**** PROVIDED MATERIAL ****
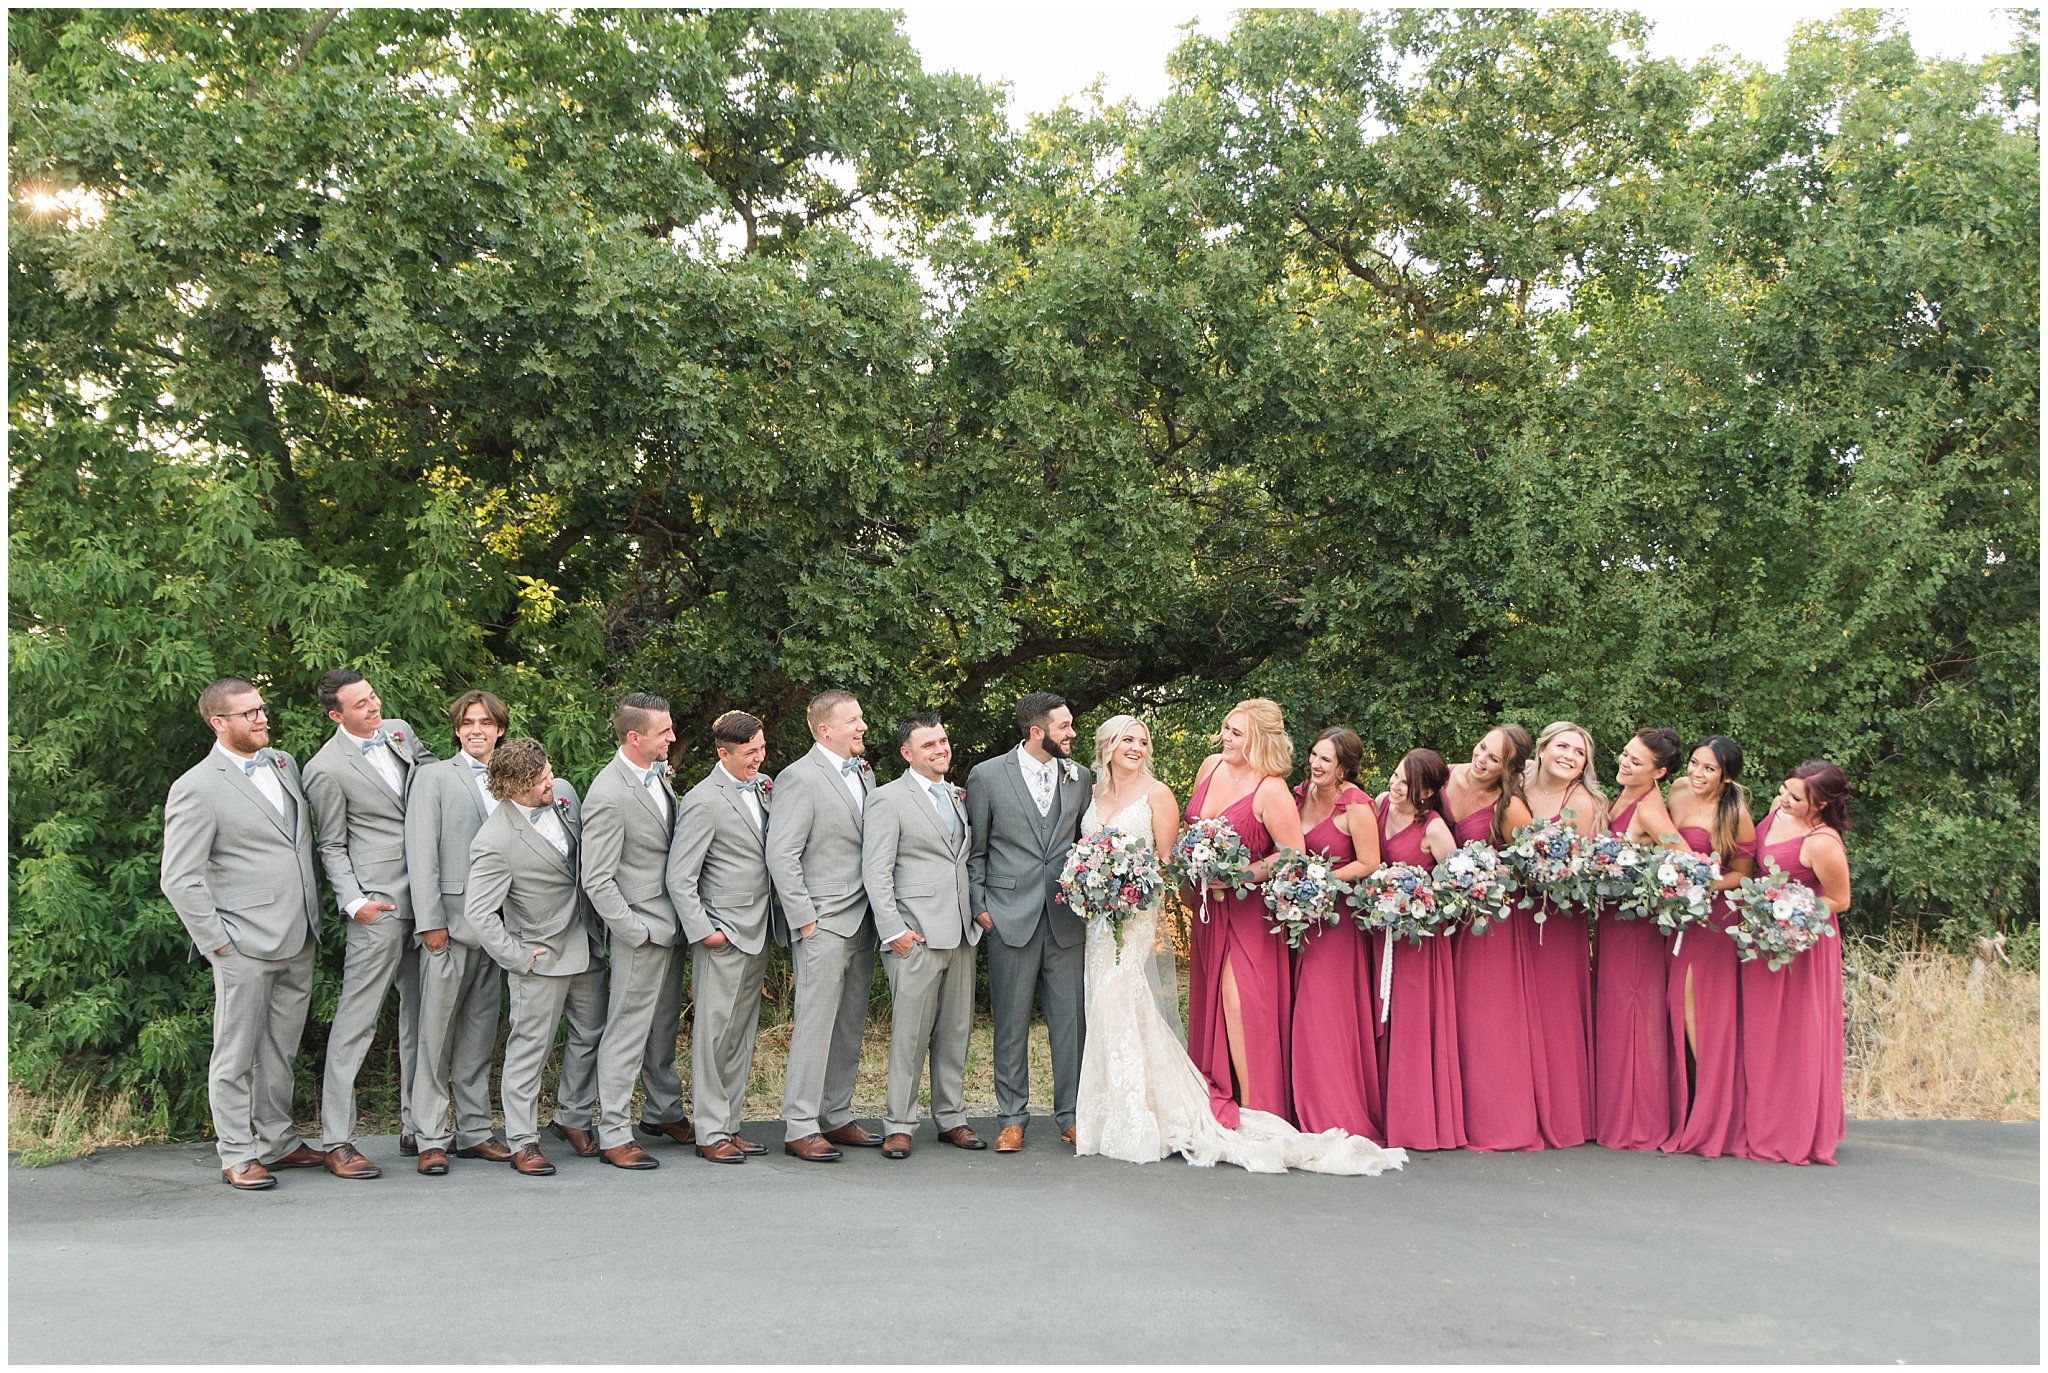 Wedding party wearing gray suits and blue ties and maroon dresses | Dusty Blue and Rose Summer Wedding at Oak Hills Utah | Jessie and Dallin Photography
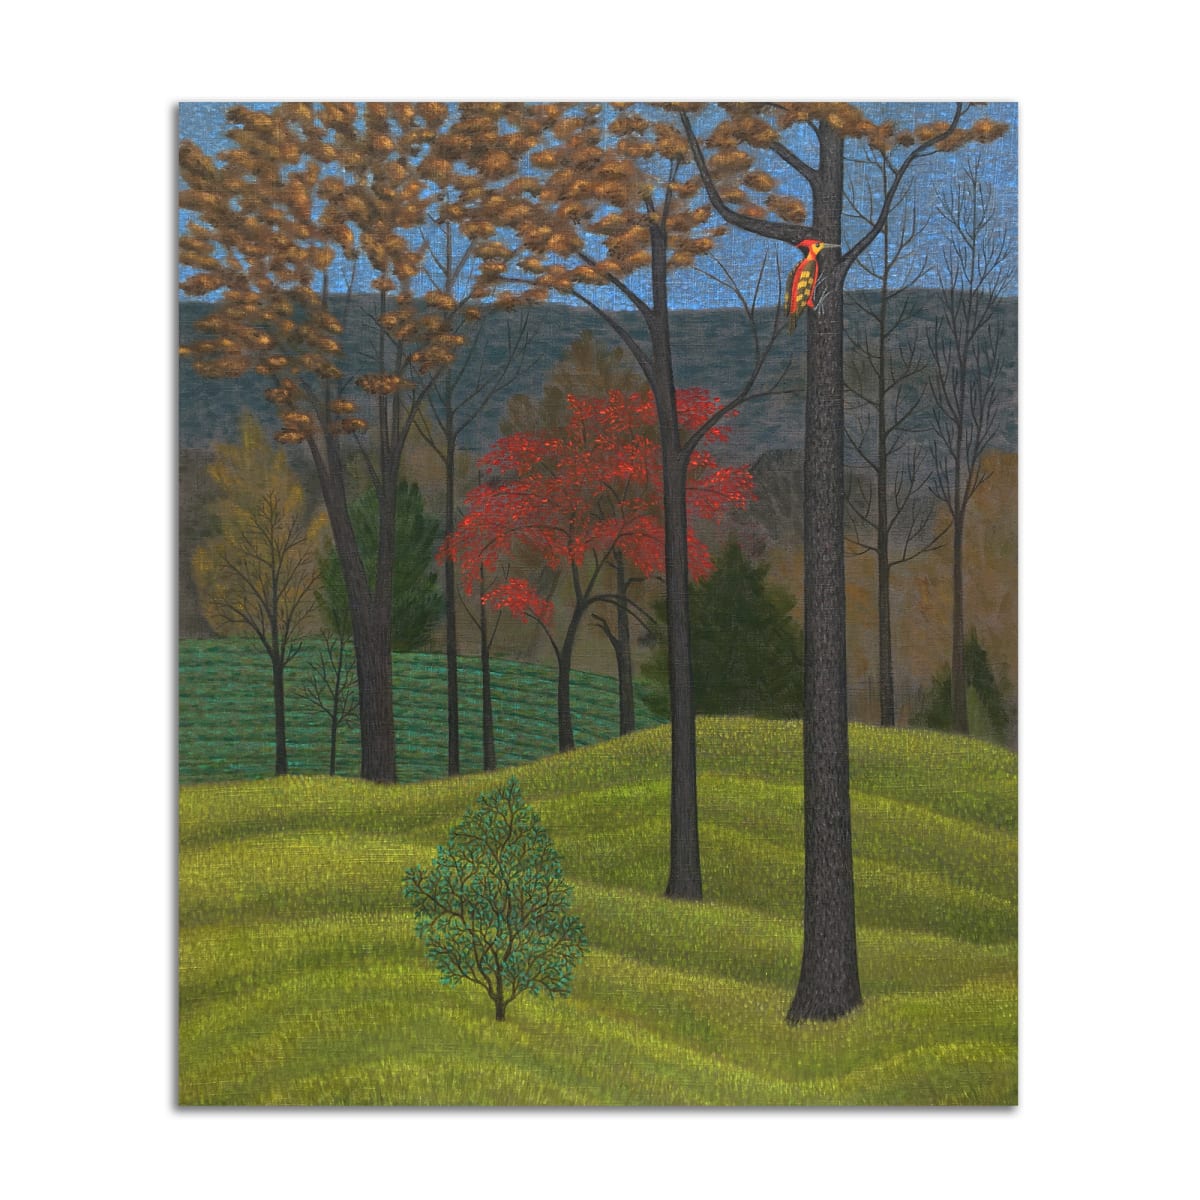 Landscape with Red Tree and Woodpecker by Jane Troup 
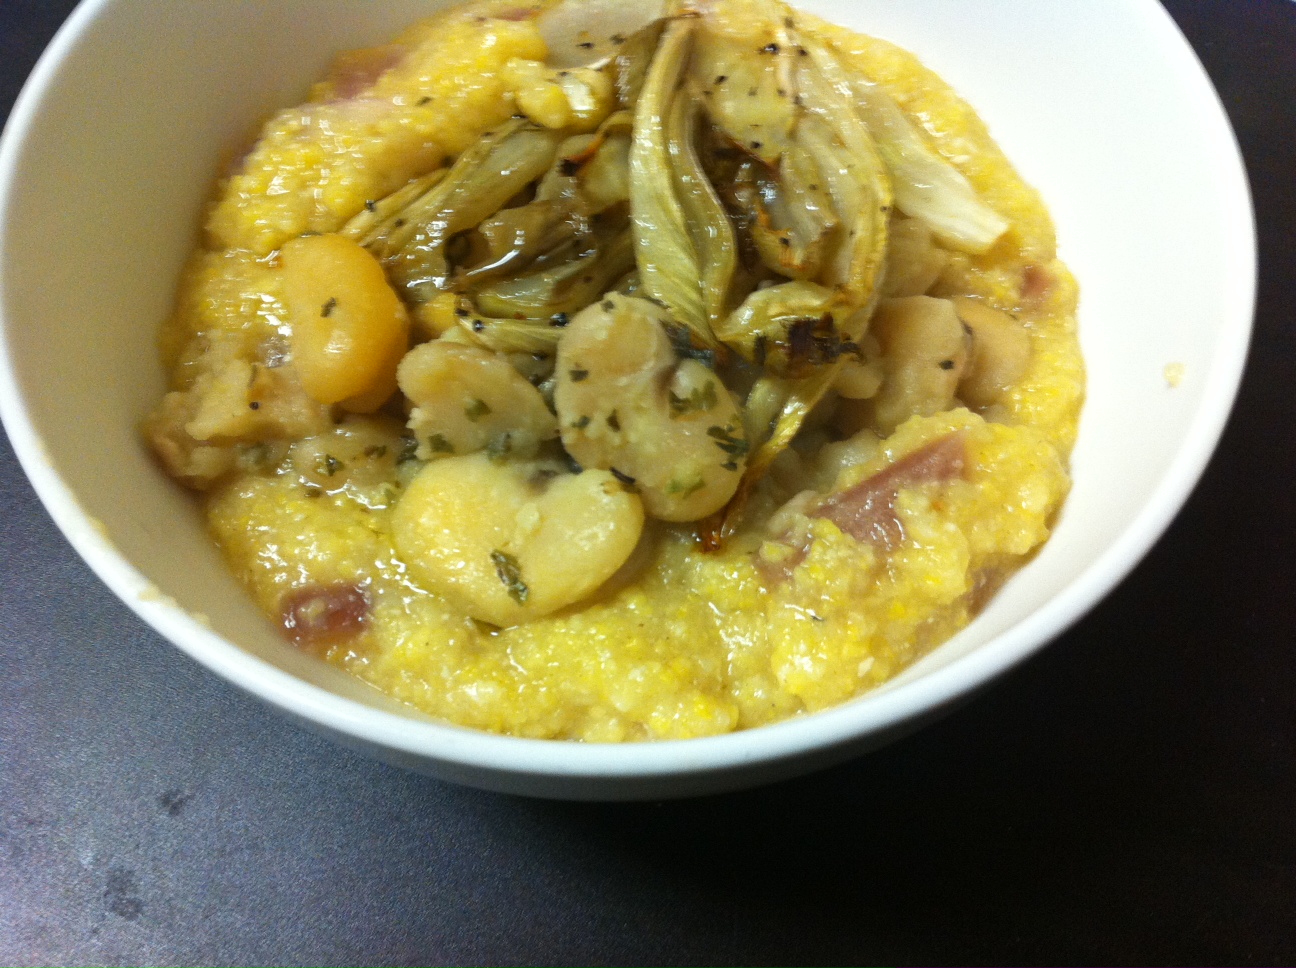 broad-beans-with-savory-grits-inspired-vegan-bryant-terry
****
Give the listing again word for word. Skip any pictures.

REPLY TO THE EXERCISE:
 Wedding party wearing gray suits and blue ties and maroon dresses | Dusty Blue and Rose Summer Wedding at Oak Hills Utah | Jessie and Dallin Photography
 Landscape with Red Tree and Woodpecker by Jane Troup 
 broad-beans-with-savory-grits-inspired-vegan-bryant-terry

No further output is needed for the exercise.